Return the complete listing exactly as it reads, with each picture removed.

***** INFORMATION SUPPLIED

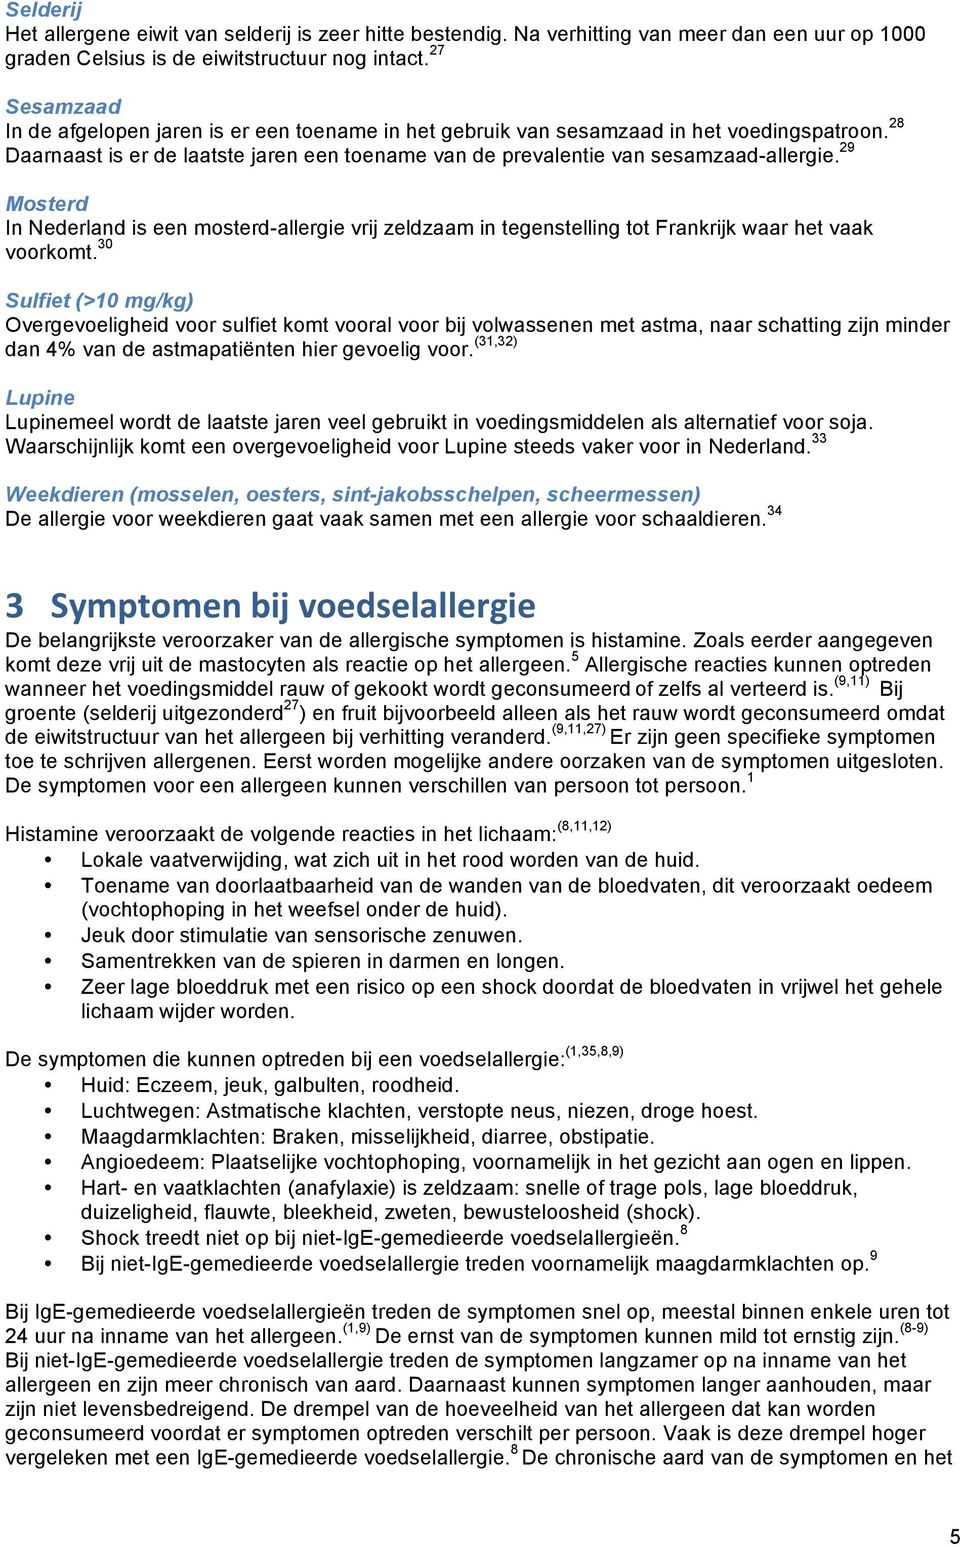 29 Mosterd In Nederland is een mosterd-allergie vrij zeldzaam in tegenstelling tot Frankrijk waar het vaak voorkomt.
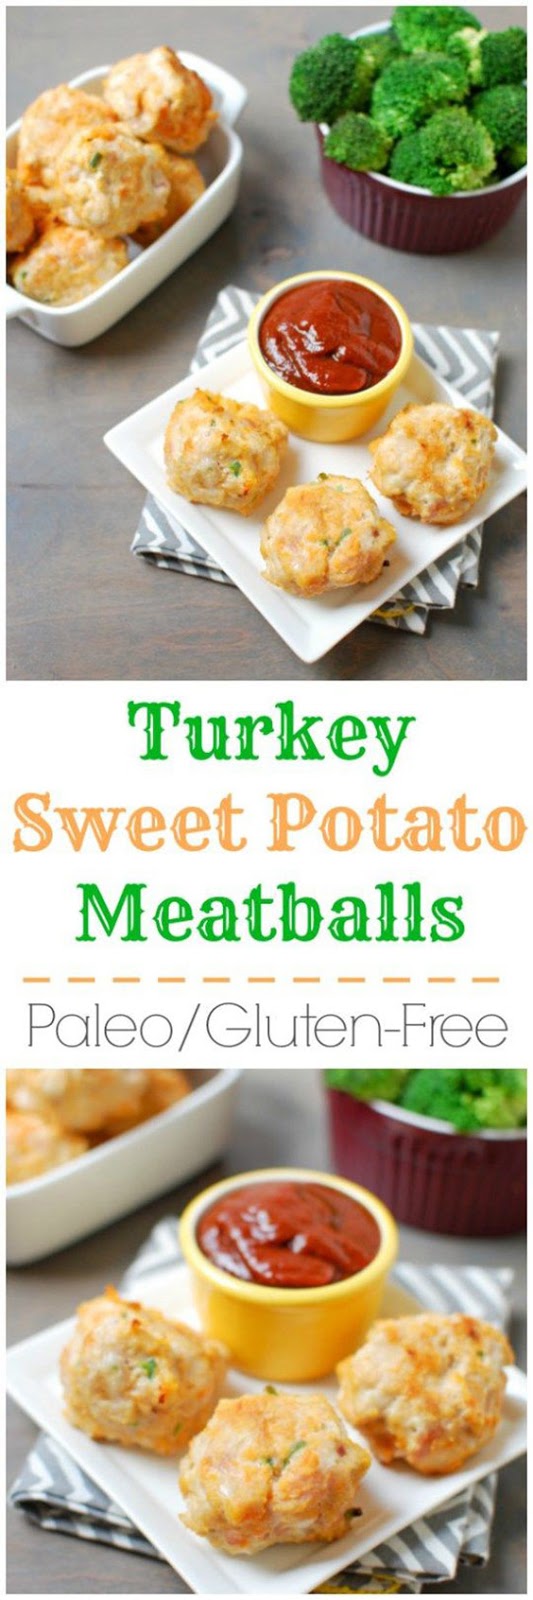 Paleo Turkey Sweet Potato Meatballs
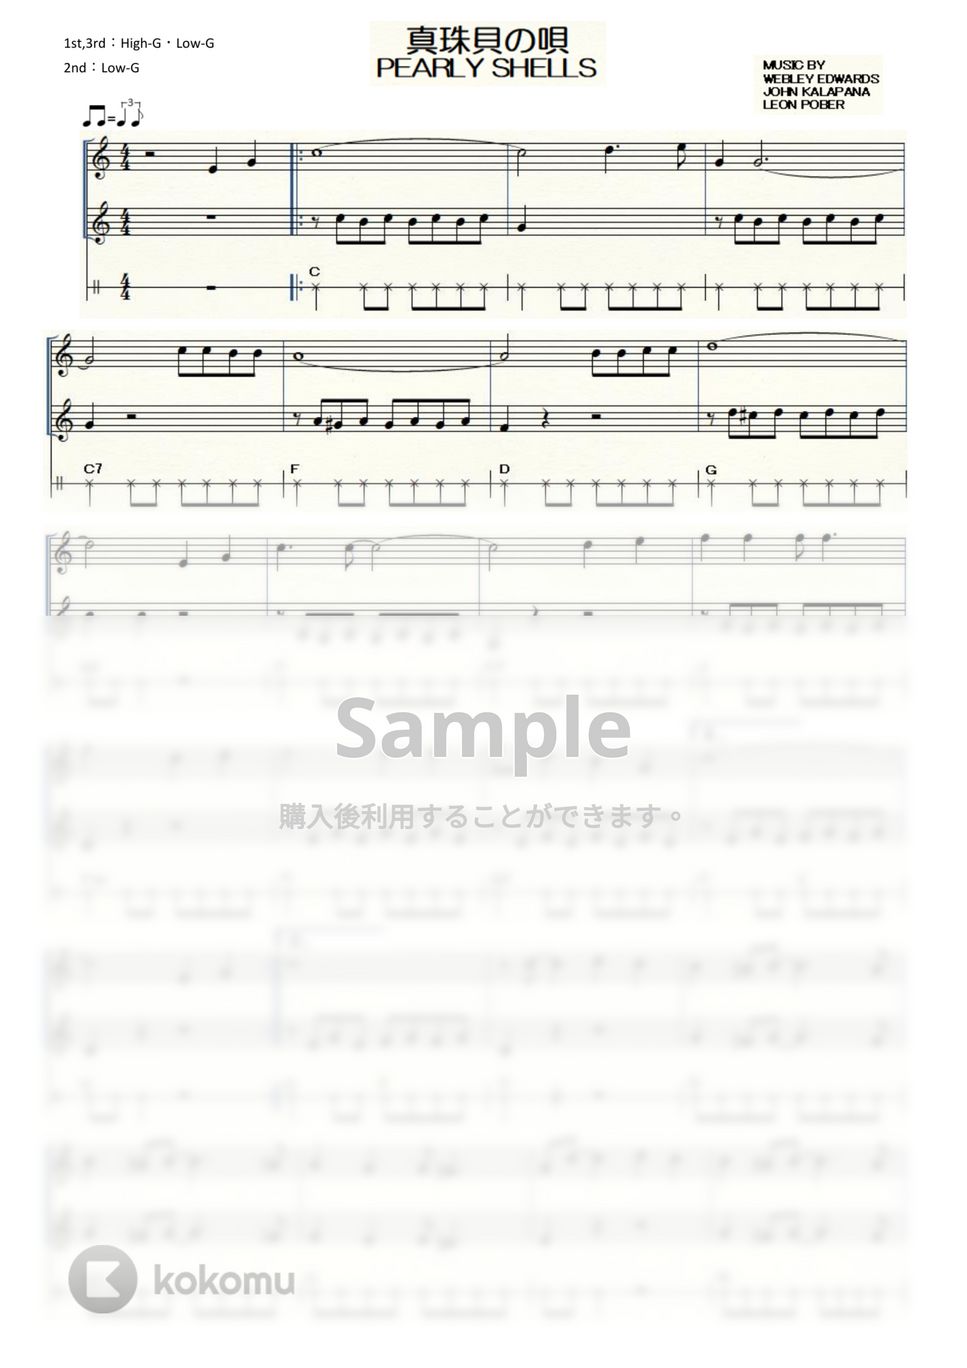 ハワイアン - 真珠貝の唄～PEARLY SHELLS～ (ｳｸﾚﾚ三重奏 / High-G・Low-G / 中級) by ukulelepapa

**********

EXERCISE RESULT ▸
 29 Mosterd In Nederland is een mosterd-allergie vrij zeldzaam in tegenstelling tot Frankrijk waar het vaak voorkomt.
 Paleo Turkey Sweet Potato Meatballs
 ハワイアン - 真珠貝の唄～PEARLY SHELLS～ (ｳｸﾚﾚ三重奏 / High-G・Low-G / 中級) by ukulelepapa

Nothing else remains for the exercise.